A majority of the Court, in an opinion written by Justice John Paul Stevens, sided with Ms. Levine. But the ruling is difficult to square with the Riegel decision last term, where a 7-2 majority held that FDA approval shields medical devices from most lawsuits. Moreover, it's unclear that a stronger warning would have mattered.
The drug's label clearly stated that the "IV push" method employed to deliver the drug to Ms. Levine should be used as a last resort and that "INADVERTENT INTRA-ARTERIAL INJECTION CAN RESULT IN GANGRENE OF THE AFFECTED EXTREMITY." As Justice Samuel Alito explains in his dissent, "the physician assistant who treated [Ms. Levine] disregarded at least six separate warnings that are already on Phenergan's labeling, so [Ms. Levine] would be hard pressed to prove that a seventh would have made a difference."
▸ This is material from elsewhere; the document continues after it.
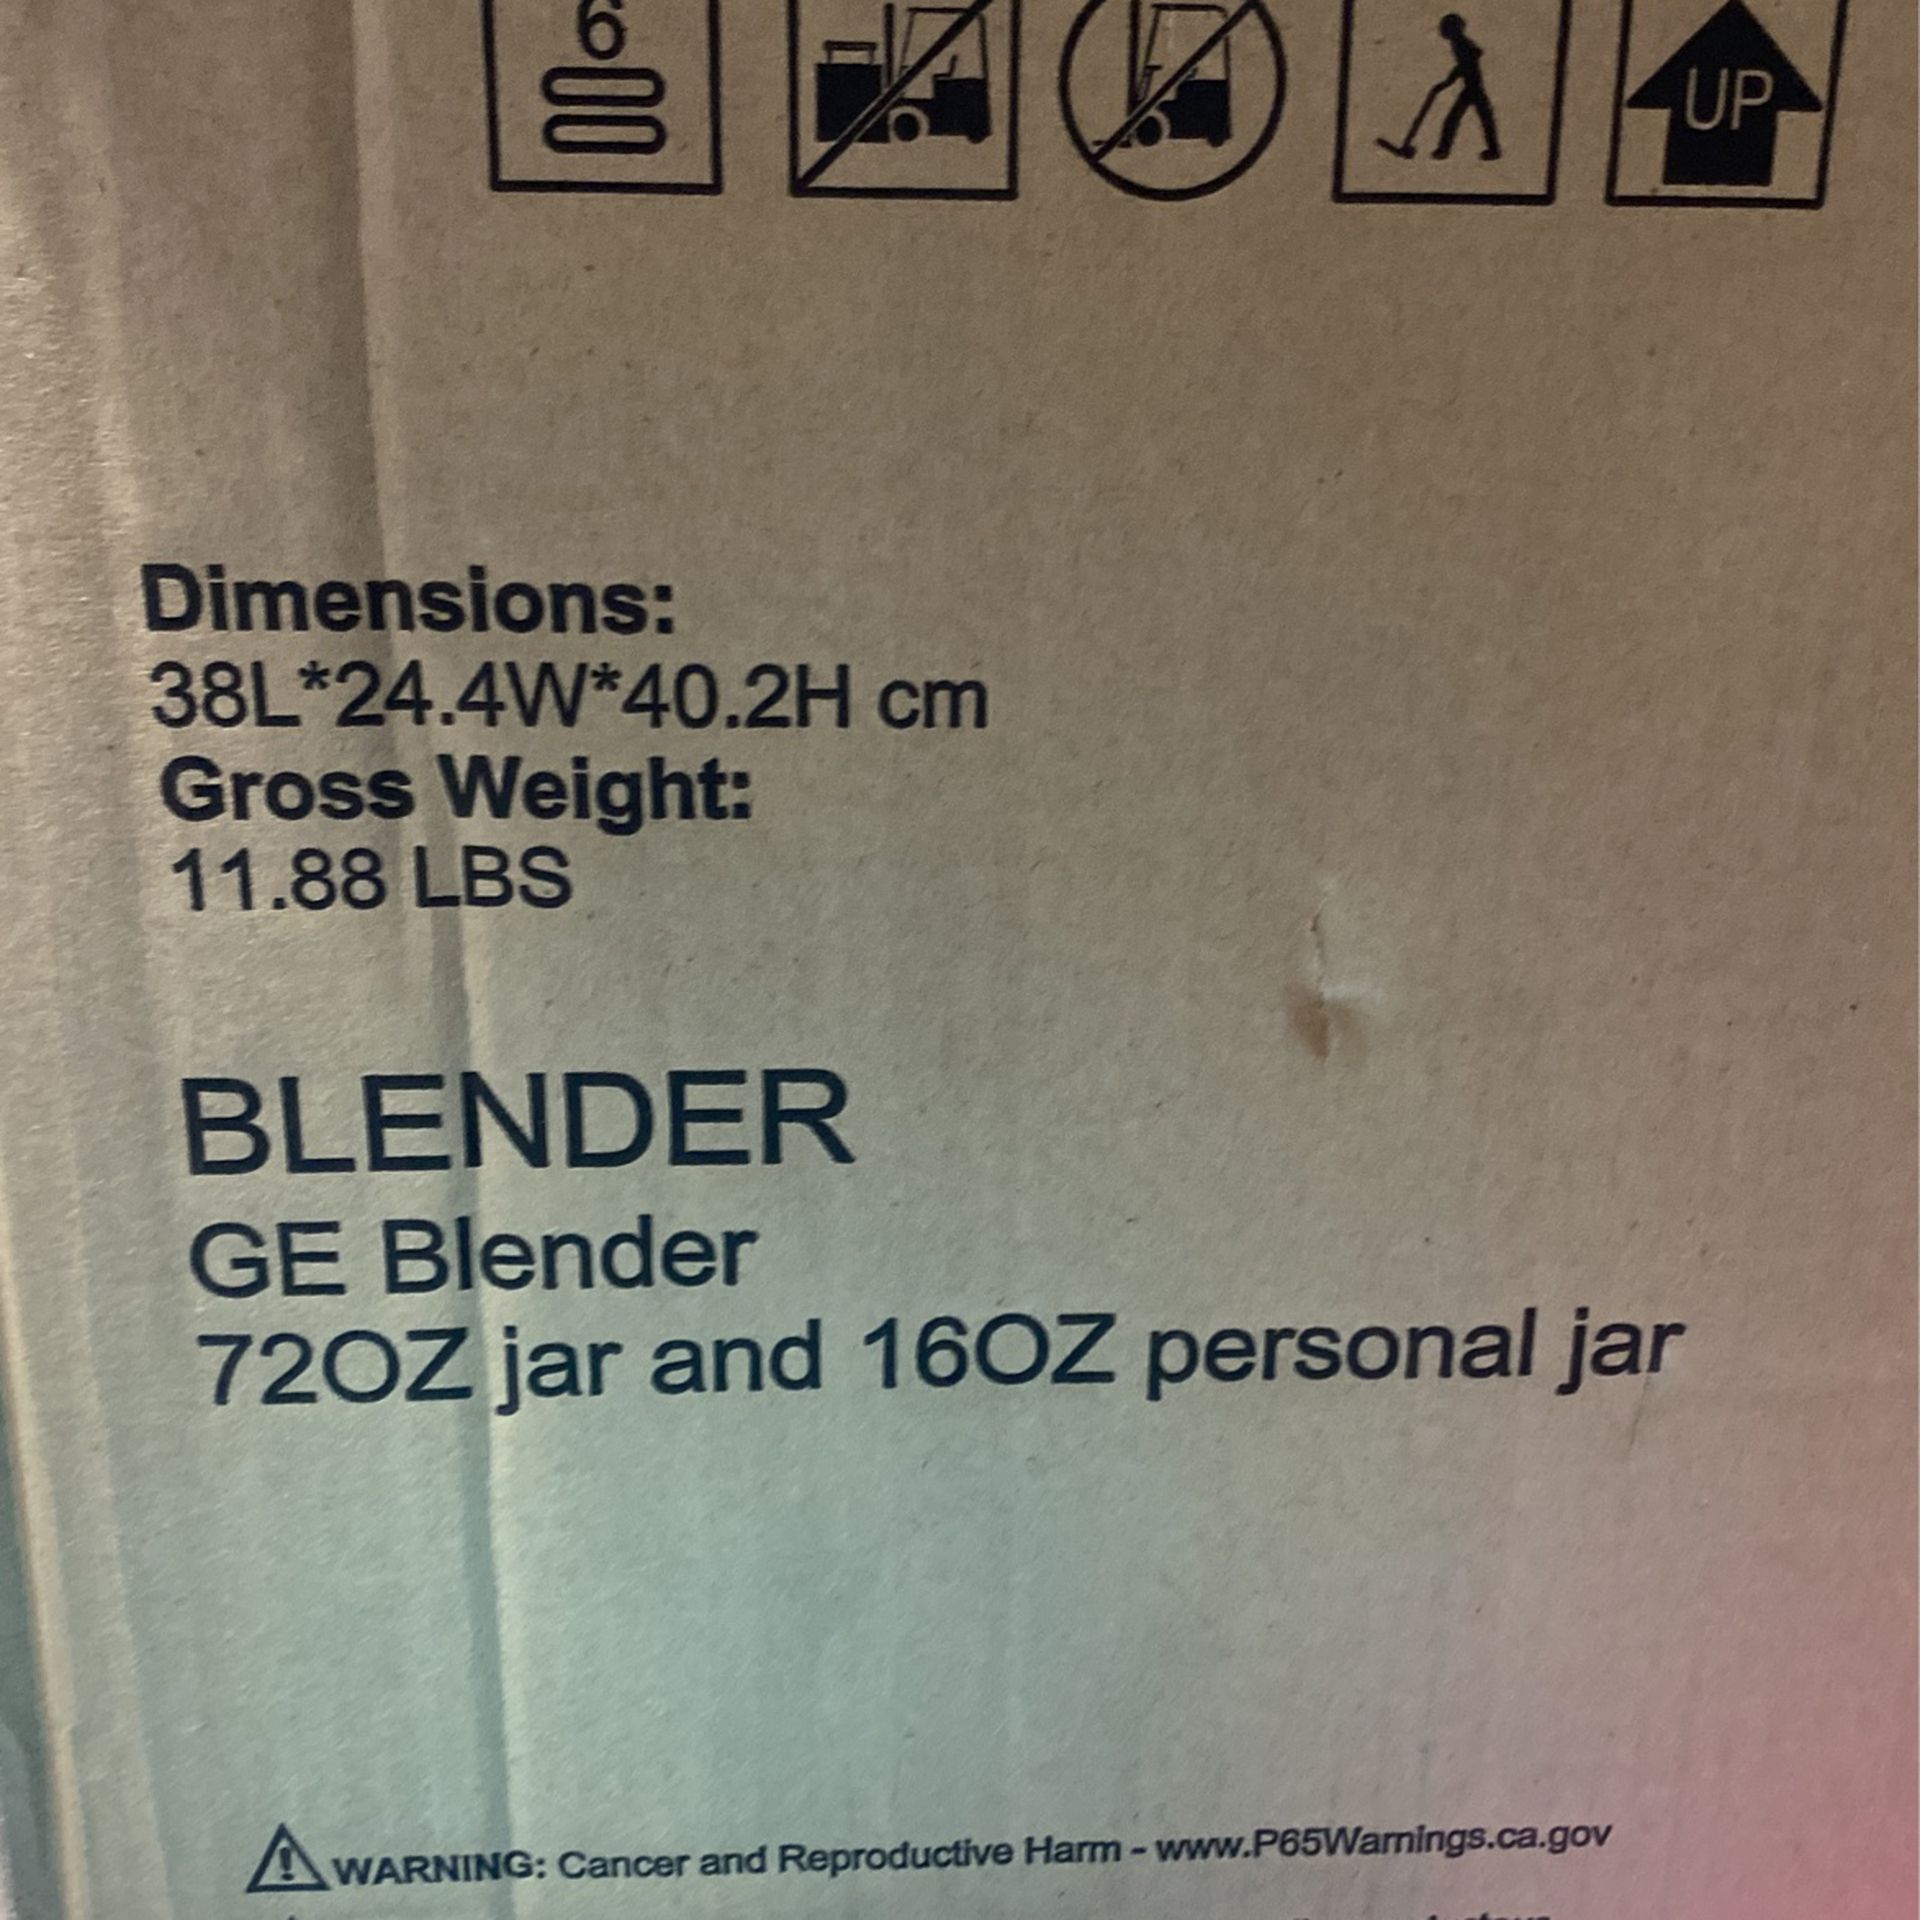 GE Blender for Sale in Teaneck, NJ - OfferUp

But Justice Alito's larger point is that "drug labeling by jury verdict" undermines the workability of the federal drug-labeling regime. Juries are presented with tragic plaintiffs who were injured, not the unknown patients who are helped, by a product. Hence, they tend to focus on risks more than overall benefits. By contrast, federal regulators are tasked to take the long view and factor in the interests of all potential users of a drug. Just as importantly, "the FDA conveys its warning with one voice," writes Justice Alito, "rather than whipsawing the medical community with 50 (or more) potentially conflicting ones."